In the [paper](https://www.nature.com/articles/s41598-019-47765-6) "*DeepInsight: A methodology to transform a non-image data to an image for convolution neural network architecture*" the autors propose a method to convert tabular data into images, in order to utilize the power of convolutional neural network (CNN) for non-image structured data.

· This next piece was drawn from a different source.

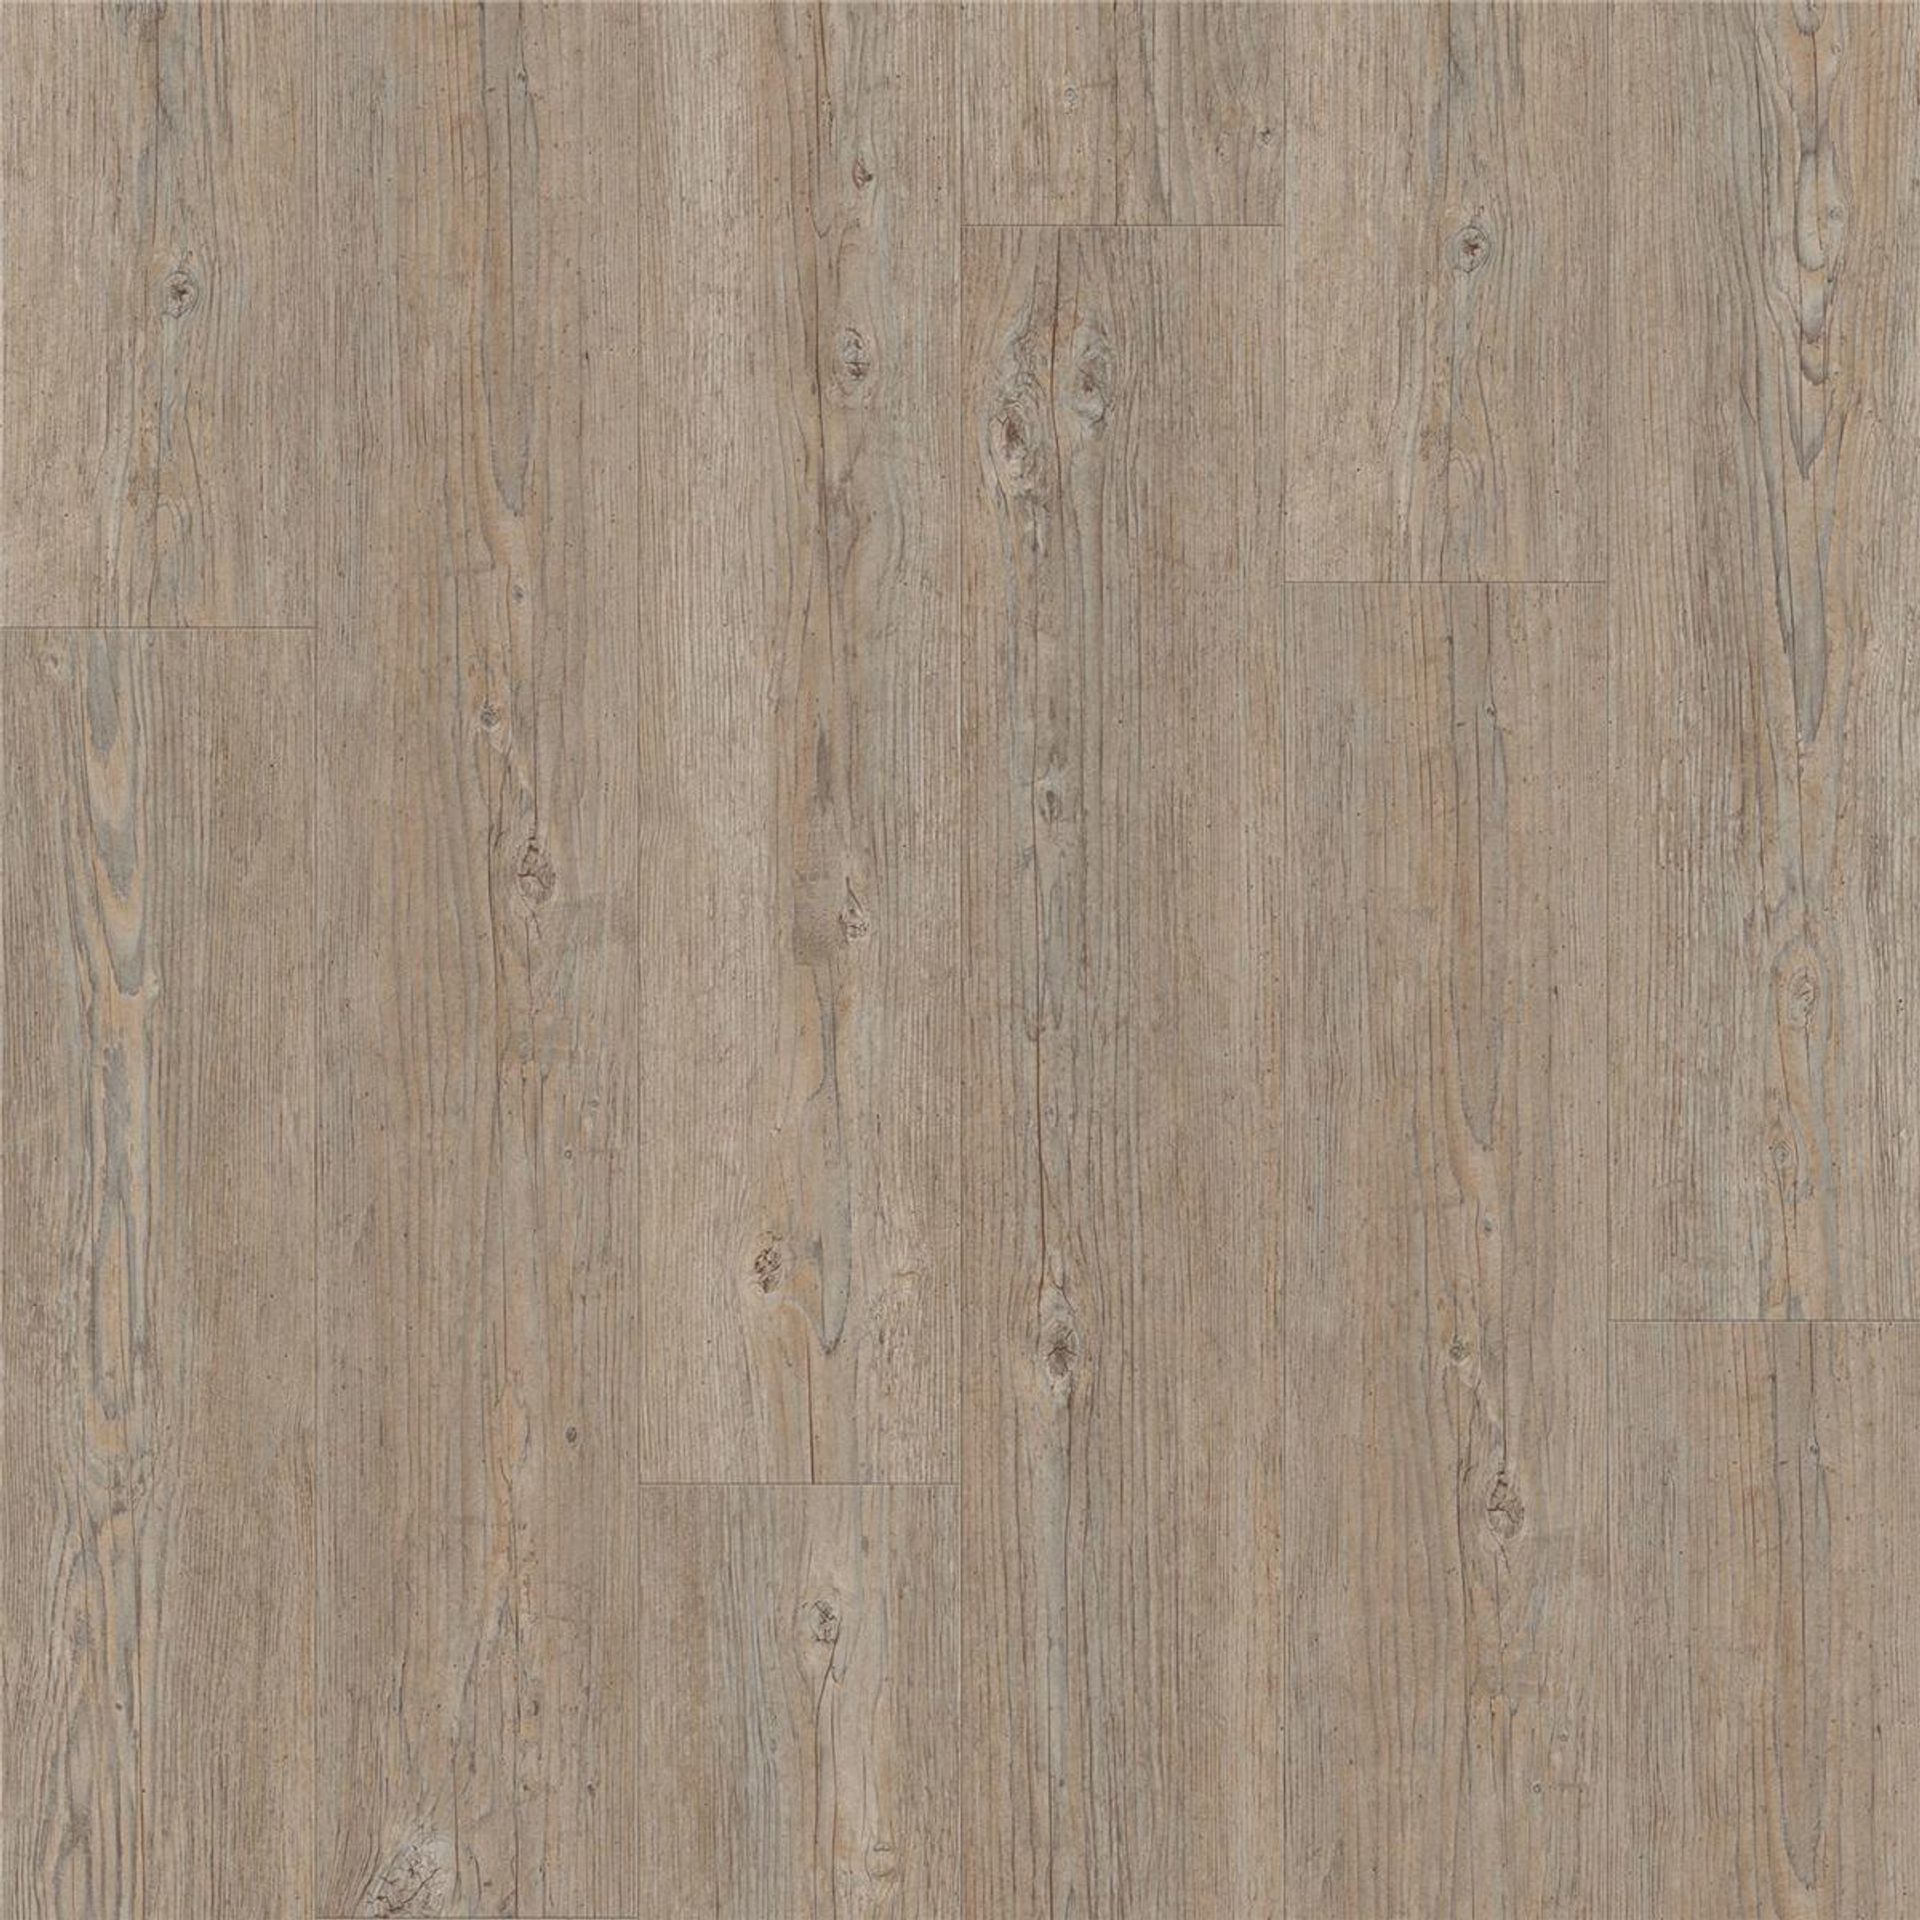 Designboden CLASSICS-Brushed Pine-Brown Planke 121,1 cm x 19,05 cm - Nutzschichtdicke 0,30 mm

The Figure illustrates the main idea: given a training dataset $X \in \mathbb{R}^{m \times n}$ with $m$ samples and $n$ features, we are required to find a function $M \in \mathbb{R}^{m \times n} \to \mathbb{R}^{m \times d \times d}$, where $d = \lceil \sqrt{n} \rceil$.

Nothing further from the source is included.